Почему вы здесь? — спрашиваю я доктора. Он смотрит на свою руку и опускает ее. Я вся трясусь и уверена, что он это видит.

— Чего еще вы от нас хотите? — говорю я.

— Прежде всего, позвольте уверить вас, что у меня нет ни малейшего намерения причинить вам вред. На самом деле я здесь, чтобы помочь, и Даллас подтвердит это. Мы хотим одного и того же, Слоан. Положить конец Программе.

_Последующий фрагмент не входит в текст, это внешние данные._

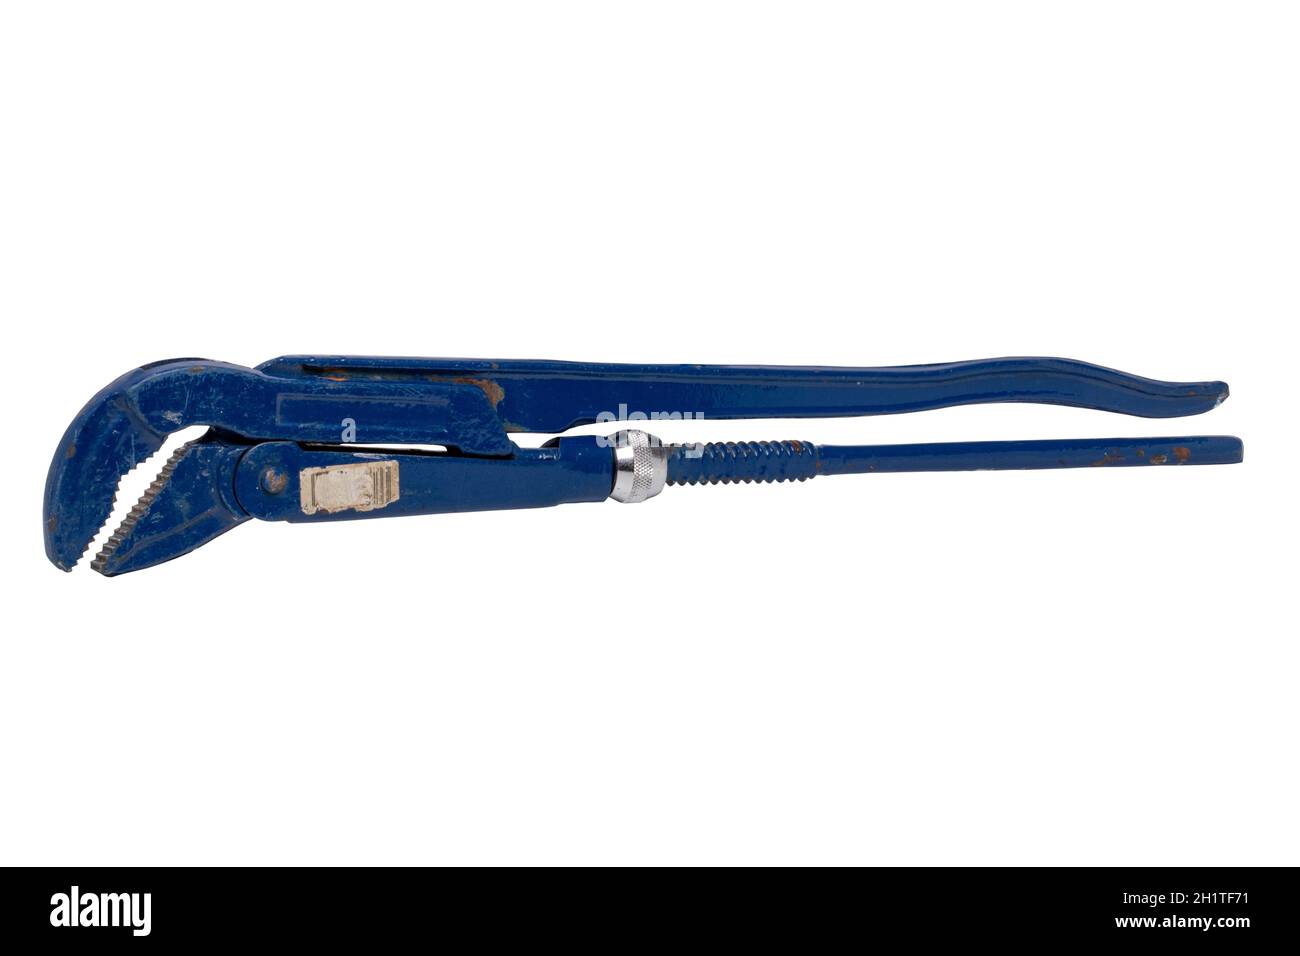 Outil Plumber isolé. Gros plan d'une clé à tube bleue réglable, d'une clé, d'une pince ou d'un outil de plomberie isolés sur un fond blanc. Masque. Macr Banque D'Images

— И вы хотите, чтобы я поверила в это? — огрызаюсь я. — Вы сломали мне жизнь. Вы монстр!

Я выплевываю эти слова и смотрю на остальных.

— Да что с вами не так?

— Послушай, что он скажет, — говорит Кас. — Ты не знаешь всей истории.

Я качаю головой, не в силах поверить в это.

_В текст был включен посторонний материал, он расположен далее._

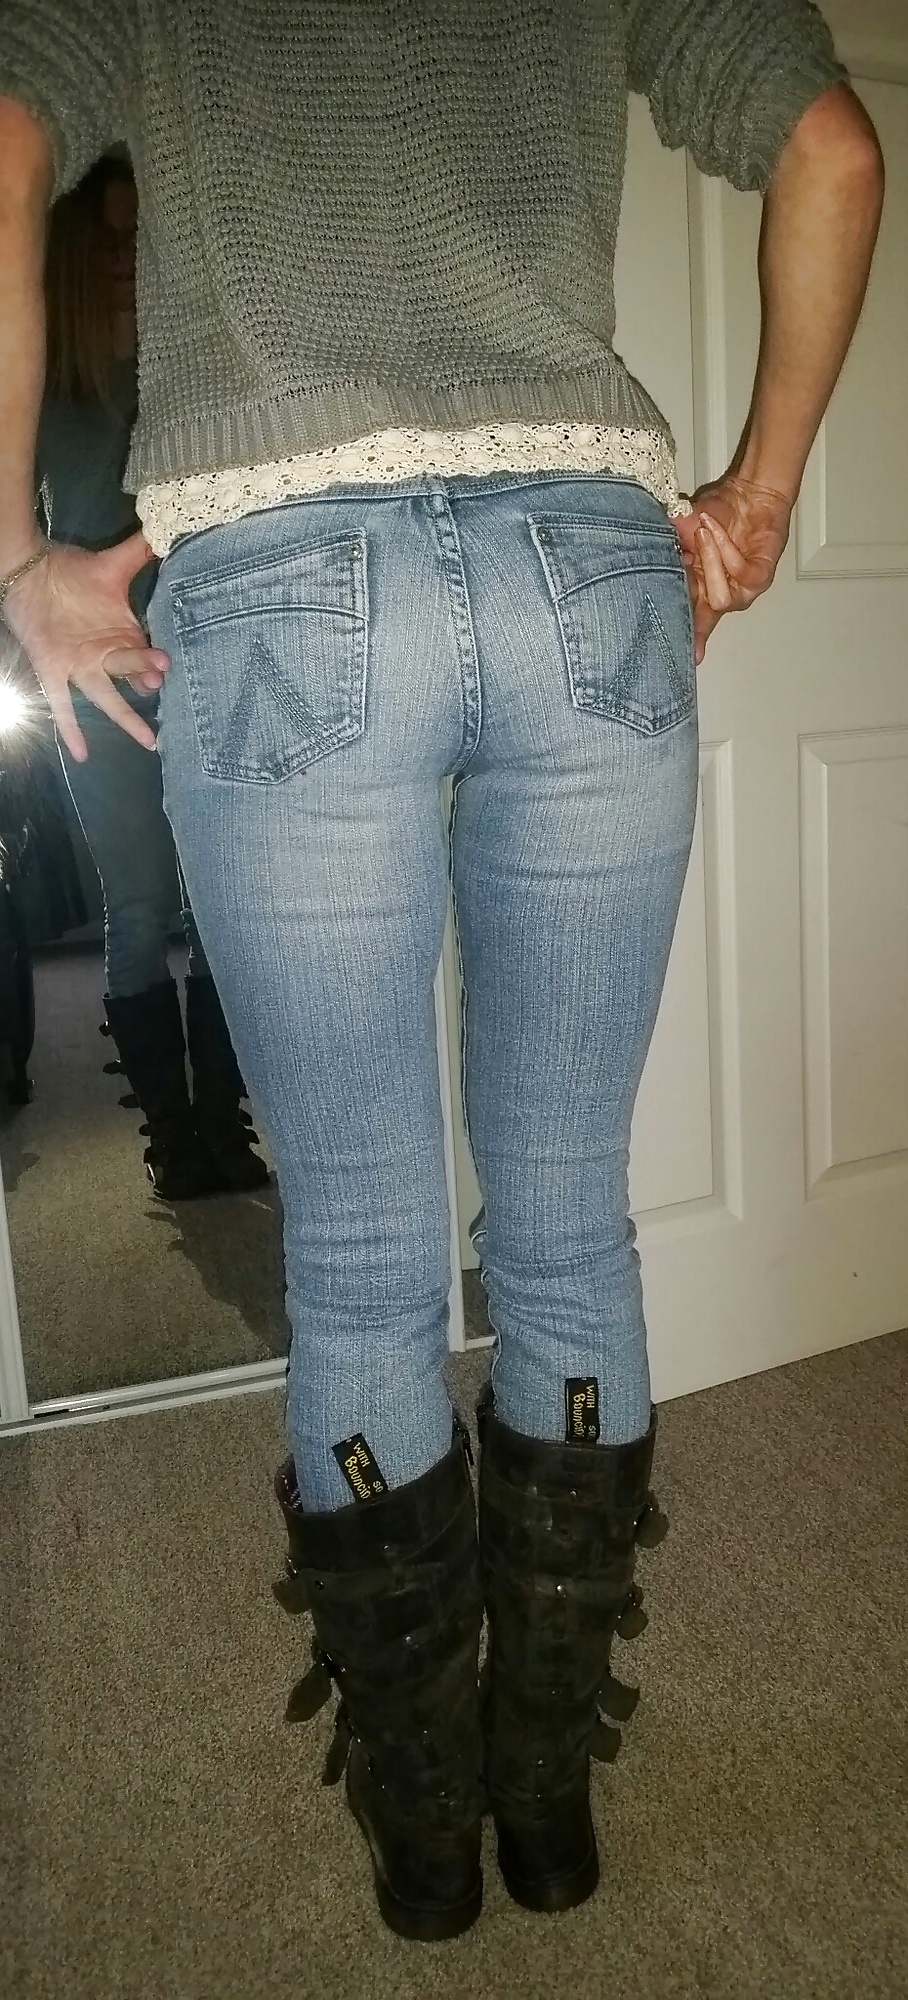 random jeans, ass, bra shots porn gallery

— Спасибо, мистер Гутьерес, — говорит ему доктор и поворачивается ко мне.

— Дорогая, — продолжает он, и его покровительственный тон заставляет меня поморщиться, — вы — идеальный пример того, почему Программа никогда не будет работать. То, что вы боретесь за то, во что верите и что любите — часть вашей личности. Здесь Программа не сработает, потому что, даже если она и стирает воспоминания, основные качества личности остаются неизменными. А это ведет к тому, что то же самое поведение, а следовательно, те же риски и ошибки, будут повторяться.

То, о чем он говорит, похоже на мои отношения с Джеймсом. Это напоминает мне, что хотя мы и боролись раньше, но проиграли, мы были достаточно глупы, чтобы попытаться снова.

— Я никогда не смогу вам доверять, — говорю я. — И мне не нужна ваша помощь.

— Боюсь, у вас нет другого выхода.

Он смотрит на Даллас.

— Я знаю, что вы связались со мной в надежде услышать хорошие новости, мисс Стоун, но боюсь, ваши разведданные правильны. Эпидемия распространяется. Людей призывают бороться с ней, и Программа использует это, чтобы продвигать свои интересы

У меня как будто земля уходит из-под ног. До того, как покончить с собой, Лайам рассказал мне про двоюродного брата — взрослого — который покончил с собой. Он настаивал на том, что эпидемия распространяется, но я все списала на его депрессию. Я думала, он сошел с ума. Но Лайам оказался прав.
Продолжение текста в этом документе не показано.